My team is divided into three roles: Cloud Engineer, DevOps, and Data Engineer.
One day, a Data Engineer teammate requested: “I want to receive an alert when an Airflow DAG fails.”

You can check DAG execution status in the Airflow Web UI, but there was no direct way to receive failure alerts.
I found some Prometheus-based dashboard examples, but none focused specifically on failure alerts.

So in the end, I implemented it myself — Discovery → Item Prototype → Trigger Prototype.
This post explains how I monitored Airflow DAG status using Zabbix in an on-prem Kubernetes environment.
As long as Zabbix can communicate with the Airflow REST API, this method applies equally to on-prem Kubernetes, cloud environments, or VMs.

I will not describe Zabbix Agent or other general configurations here.


Why DAG alerts alone are not enough

A failed DAG is a problem, but the more fundamental issue is when Airflow itself stops functioning normally.

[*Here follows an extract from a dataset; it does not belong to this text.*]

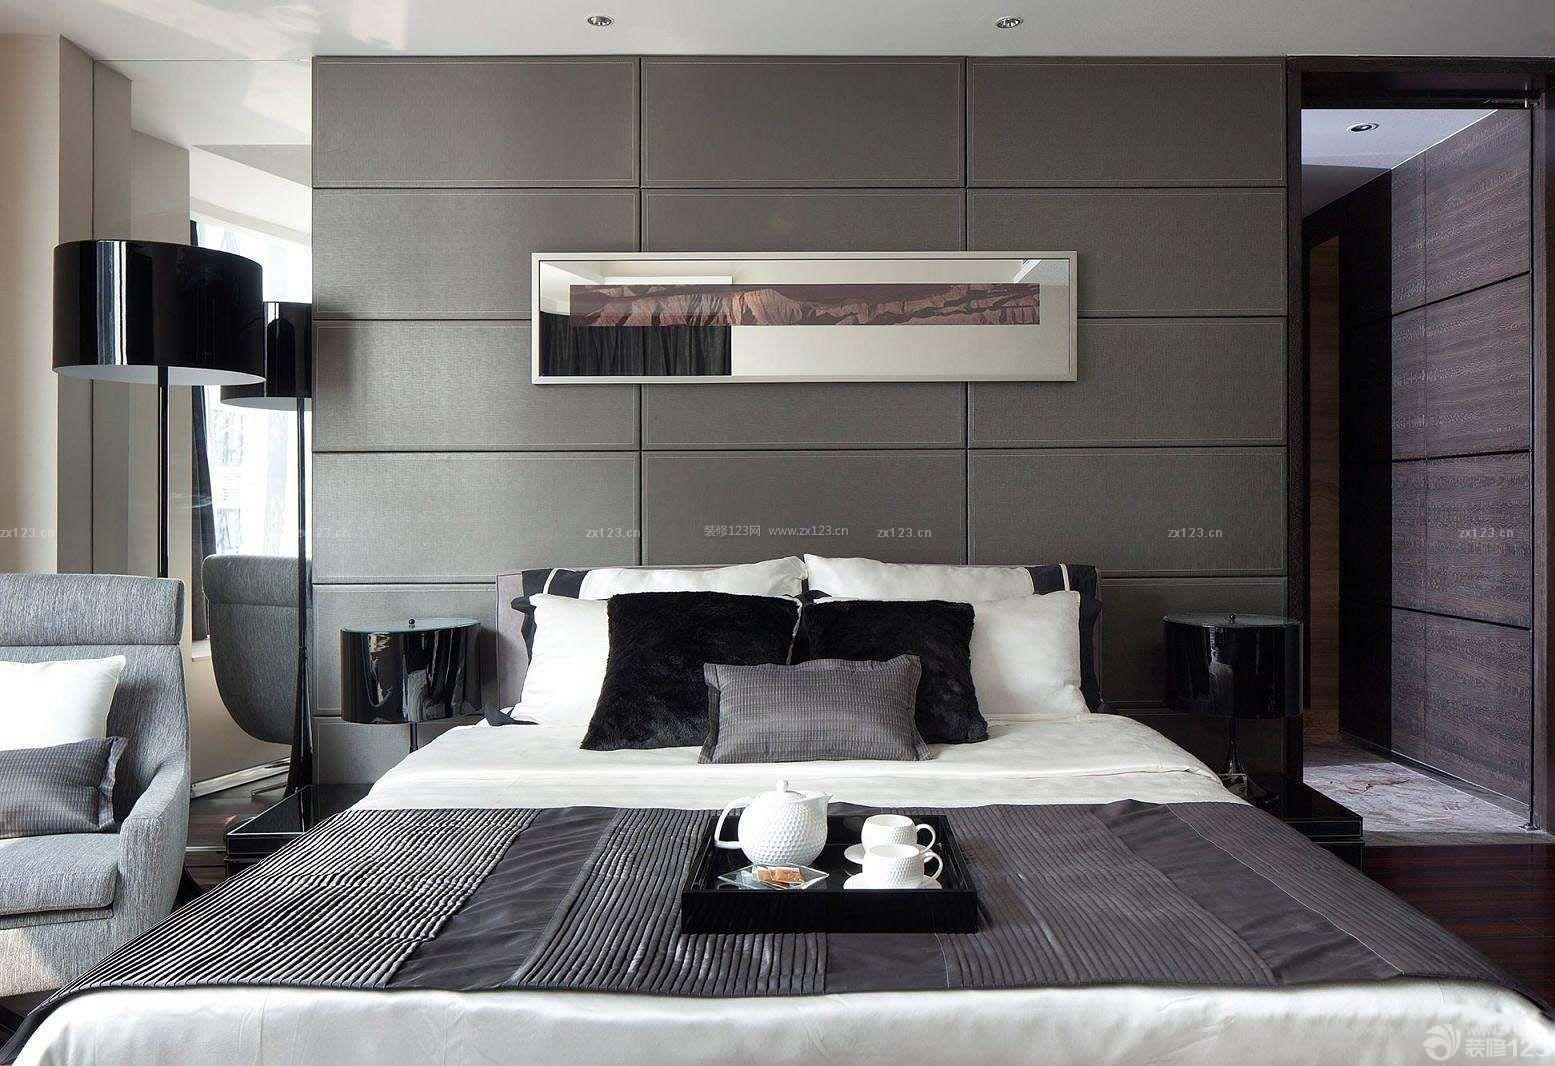 黑白风格卧室装修效果图三室两厅简装_装修1

If the Scheduler stops, DAGs never start.
If the Metadata DB connection breaks, the whole system freezes.
If the Triggerer process dies, any event-based DAG won’t run at all.

In other words:

  • DAG failure alerts = symptoms
  • Airflow health alerts = root cause

You need both to detect issues quickly and respond properly.


Concept

  1. Periodically collect DAG IDs from the Airflow REST API.
  2. Query each DAG’s latest execution result from the API.
  3. If the latest execution is failed, trigger a Zabbix alert.

1. Work on the Zabbix Server (Ubuntu)

1-1. Write a script to collect DAG IDs

The Zabbix server calls the Airflow API and retrieves the DAG ID list.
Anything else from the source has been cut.